Wednesday, December 8, 2021

Remembering A Former Opponent

The night of Feb. 6, 1990, was a big night in Mercer County college basketball.

TigerBlog, still a sportswriter, was covering Trenton State at Glassboro State, which today is actually The College of New Jersey at Rowan. It was a huge New Jersey Athletic Conference game that year.

About 25 miles away, in Philadelphia, it was Princeton at Penn. It was, of course, a huge Ivy League game.

Princeton had won the Ivy League title in 1989 and gone on to lose 50-49 to No. 1 Georgetown in the opening round of the NCAA tournament. As a Princeton fan, you've probably heard of that game.

The 1989-90 season began with Princeton as something of a national curiosity after the Georgetown game. They were a big story every night. Everywhere Princeton went, everyone wanted to see the team that had almost beaten Georgetown.

It was exciting to be around them. And TB was around them for pretty much every game, minus the trip to San Francisco in December. He did go with the Tigers to Michigan State, for the first events ever held in the then-new Breslin Center.

That night in February, though, he was not with Princeton. He was instead with Trenton State, the other team he regularly covered. He's pretty sure Harvey Yavener went with Princeton to the Palestra.

Of course, he was much more interested in the Princeton-Penn game than the TSC-GSC (TCNJ-Rowan) game. Plus, as he remembers it, the game he was at was the second of a doubleheader, so he covered the women's game beginning at 6 and then the men at 8. Meanwhile, Princeton-Penn was at 7 or 7:30.
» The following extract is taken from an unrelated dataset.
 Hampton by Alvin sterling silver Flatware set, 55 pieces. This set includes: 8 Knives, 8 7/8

Whatever the actual game times were, TB is positive that the Princeton-Penn game came down to the wire while there was still plenty of time in the game he was actually covering. And so he tried to do something that in 1990 was not nearly as easy as it is today: He tried to follow the Princeton-Penn game.

Now if this happened in 2021, TB would have endless ways to do so. He would sit courtside at the game he was at and watch the other game online. At the very least, he'd follow the livestats.
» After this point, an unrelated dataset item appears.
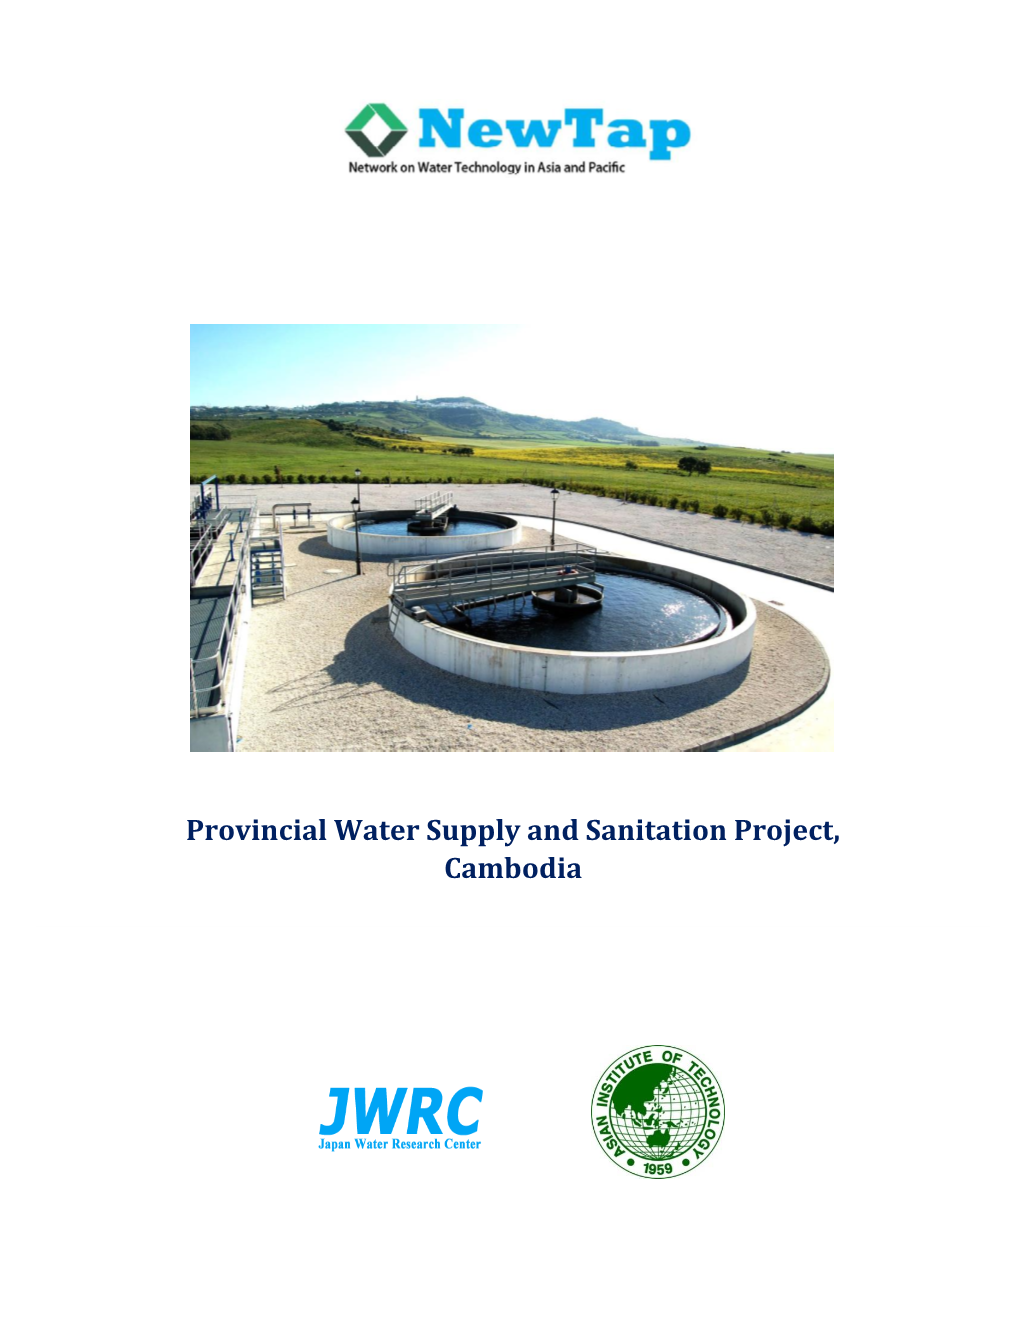 Provincial Water Supply and Sanitation Project, Cambodia

In 1990, he had to find the one place in the athletic building at Glassboro State that had a radio and offered good enough reception to be able to pick it up. And so he was able to get set up in a random office there to listen to the end of the game. 

It was quite an ending. Princeton led 50-49 (that score again) with one second to go when Paul Chambers went to the line for a one-and-one. He missed it, but the ball sort of hung on the rim just long enough to throw the Princeton players who were closest to it off balance.

It also gave a player from Penn the chance for a tip-in. That player was Hassan Duncombe. His tip gave the Quakers a 51-50 win.

TB was annoyed by this, but he went back to covering the other game. As it turned out, it was just a hiccup for the Princeton dynasty then, as the Tigers won the 1990 Ivy title – and added the 1991 and 1992 titles as well. 

That night was the last time for more than 20 years that TB would miss a Princeton-Penn men's basketball game. 

As for Hassan Duncombe, he finished his career with 1,009 points. He's one of three Quakers ever to go for 40 points in a single game, and he was a first-team All-Ivy pick in 1990.

Hassan Duncombe passed away last week at the age of just 52. He left behind a wife and four children.

TB was shocked and saddened when he saw the news on Twitter. He never met Hassan Duncombe, but he remembered him as a very, very tough opponent and the one who played the pivotal role on that night nearly 32 years ago. A story about him in the Daily Pennsylvanian last week included this: Dunbcombe had one of the more iconic moments in Penn basketball history.

TB sends along his condolences to Hassan Duncombe's family and friends, and to the Penn basketball community.